After the transaction which changed the cache entry ends, committed or rolled back, the entry in the cache will be updated with the current on-disk version the next time it is referenced.
Thanks, Richard!
I see a fresh article about this
knowledgebase.progress.com/.../High-OM-latches-after-online-activation-of-CDC-policies
>>Cause
>>This is expected behavior.
But I do not agree that this should be the expected behavior. Performance degradation should not be due to the simple addition of CDC policies and this is certainly not expected by the end customers.
George, I'm re-reading your earlier post:
> If we just create a CDC policy for a table then the /reading/ its records will cause OM latch activity. But only if you don't restart a database.
I think I misunderstood what you said. I originally read this as "reads of the change table will cause OM latch activity". That would be expected behaviour.

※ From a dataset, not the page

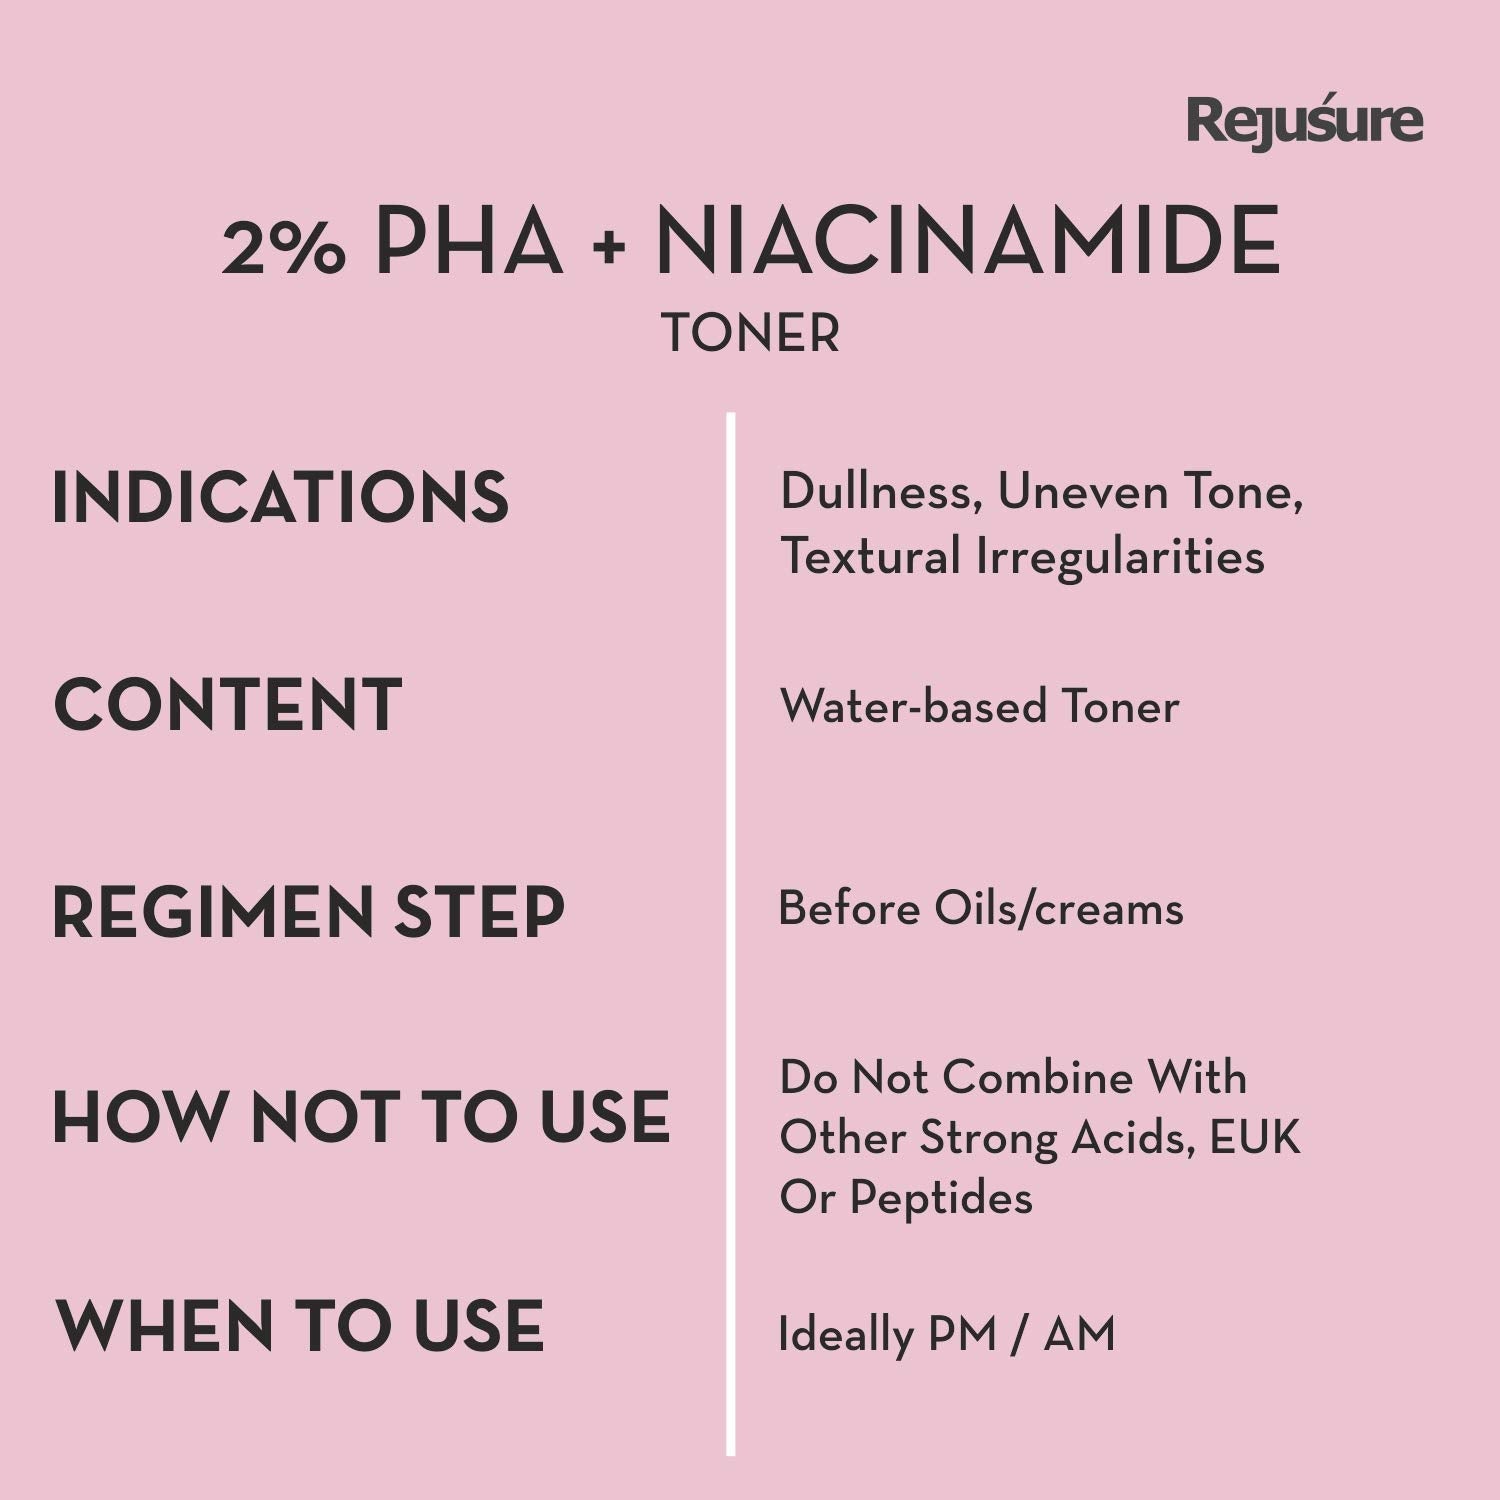 Rejusure PHA 2% + Niacinamide Alcohol Free Face Mist Toner For Mild Exfoliation & Pore Tightening Best for Oily & Normal Skin - 100ml (Pack of 3)
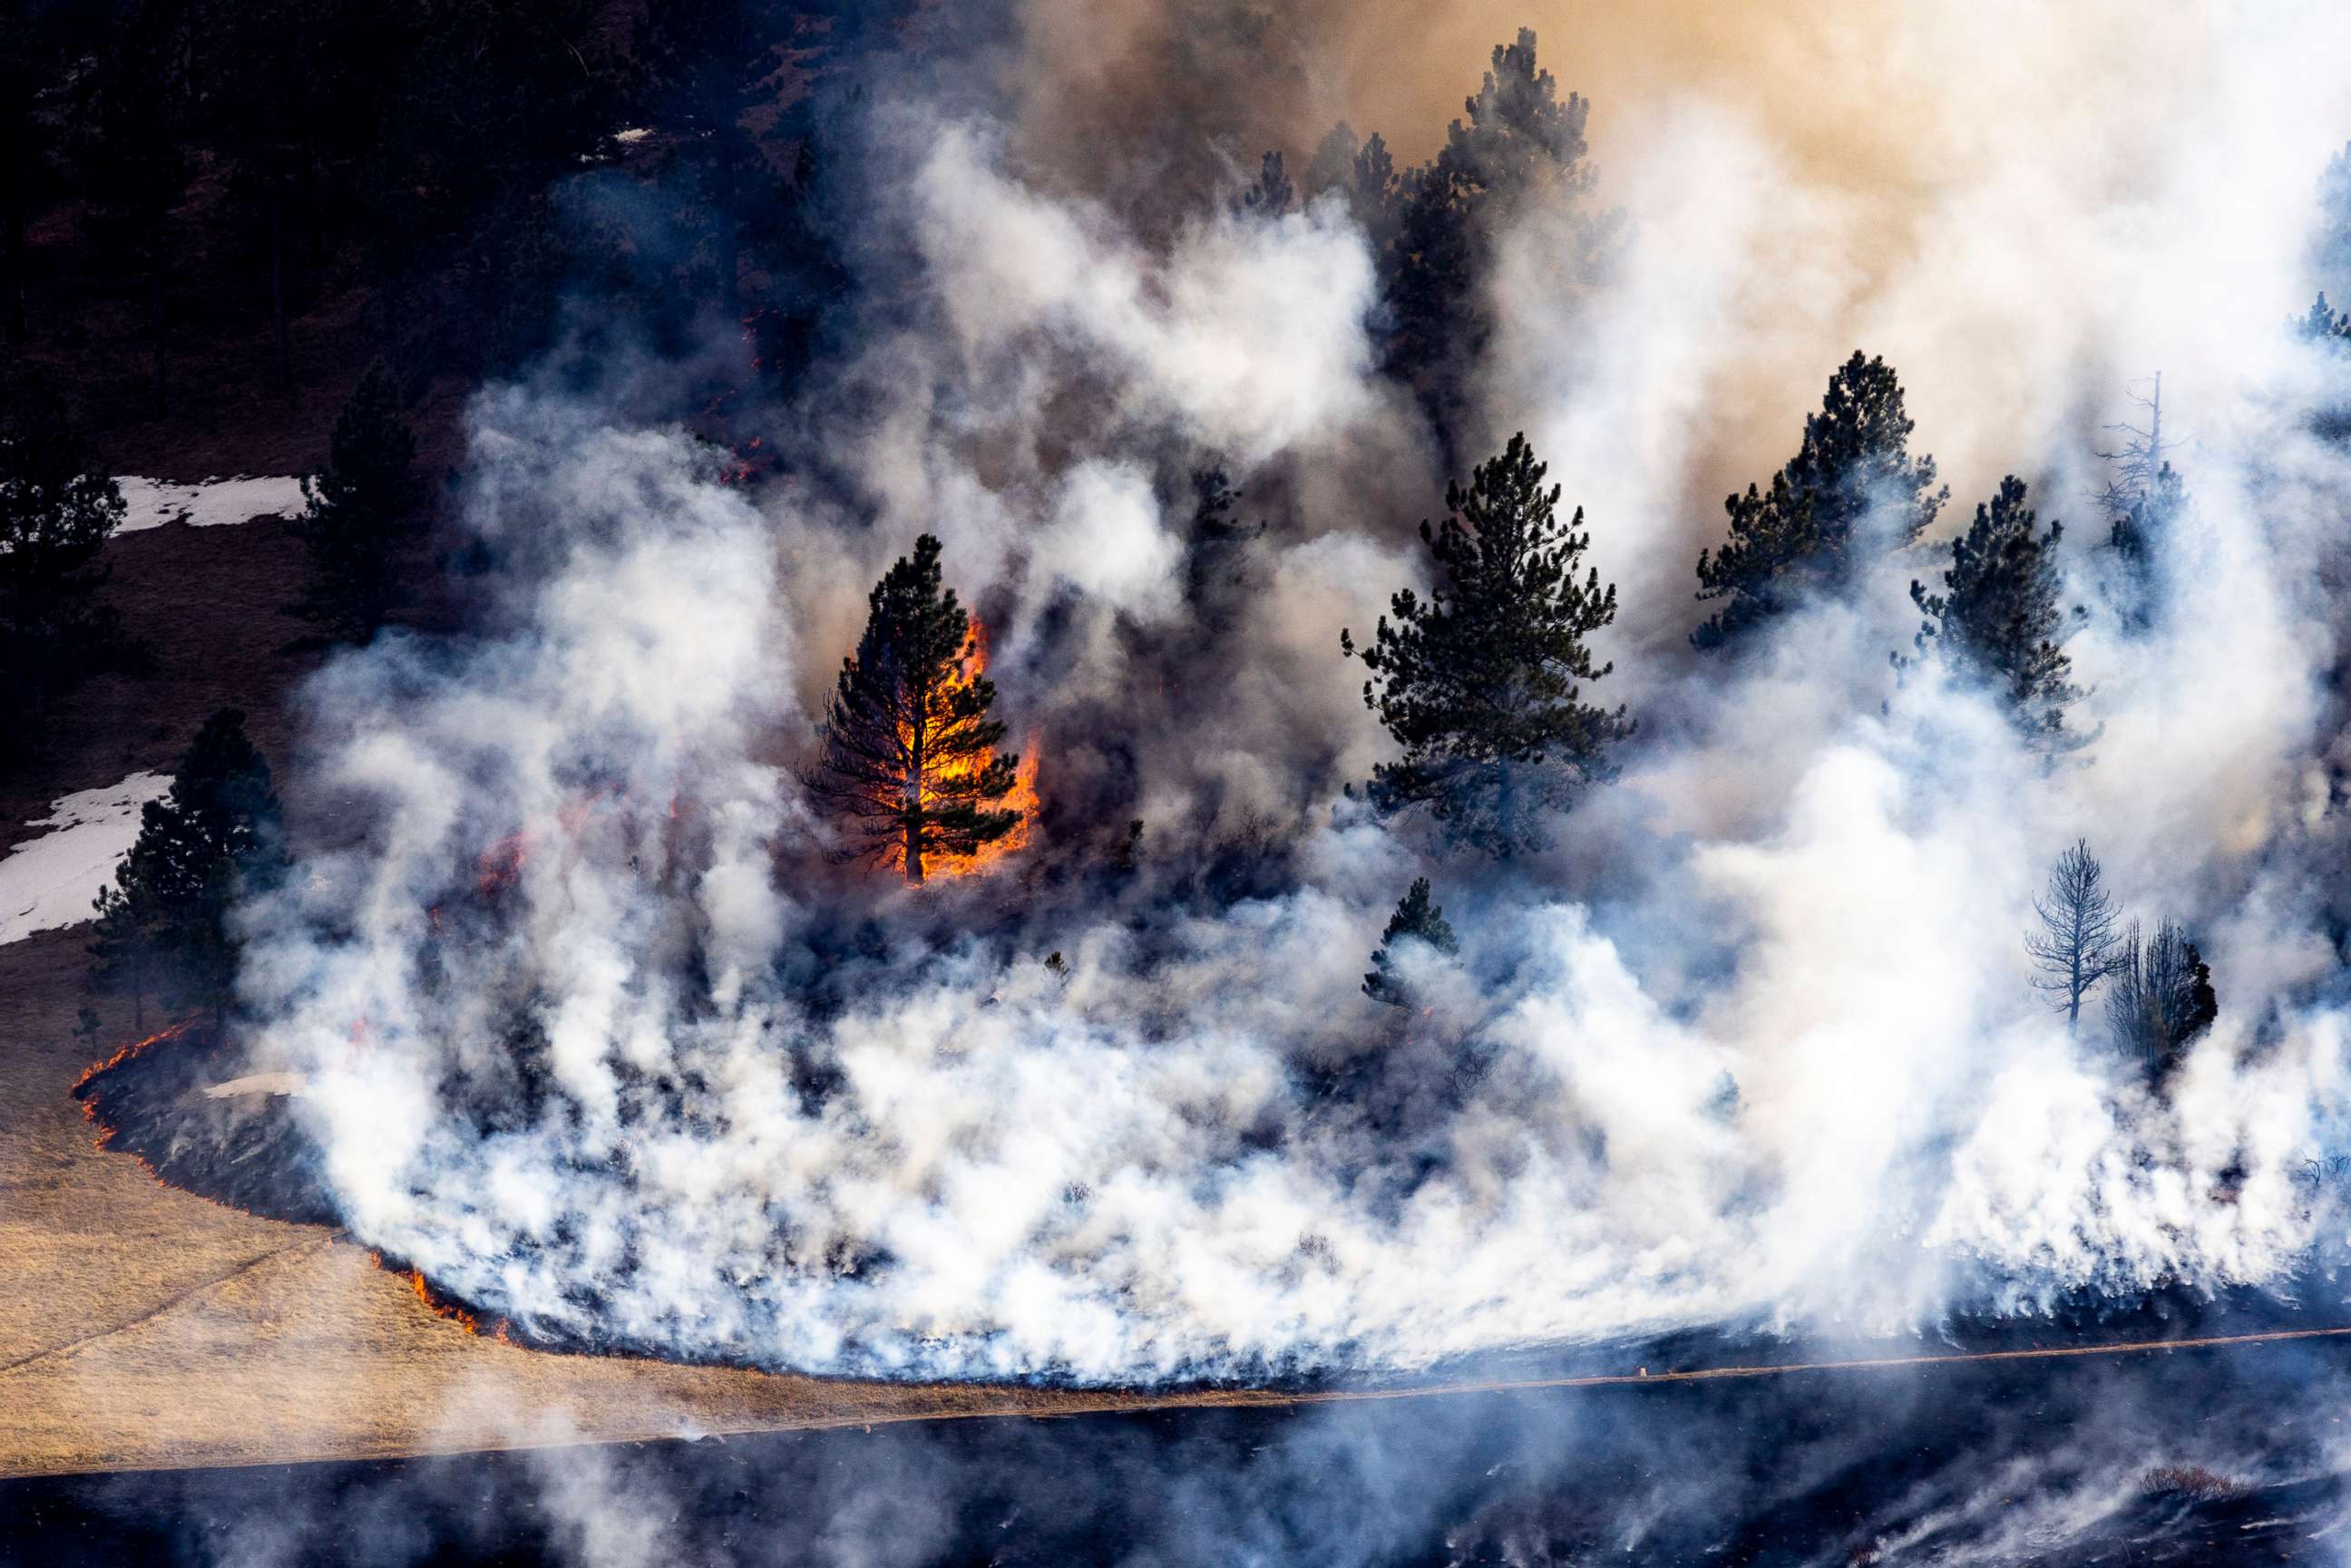 PHOTO: A tree goes up in flames as the NCAR Fire burns on March 26, 2022, in Boulder, Colorado.

But if you meant "reads of the application table for which the CDC policy was created will cause OM latch activity", then I wouldn't expect that, given that the OM cache was initially sized to have enough entries for all of the application objects.
Can you clarify please?
For example, 'FOR FIRST atm.history1 NO-LOCK: END' creates OM latch locks if CDC policy is enabled for history1.
Reading of _Cdc-Change-Tracking or _Cdc-Table-Policy does not create OM latch locks.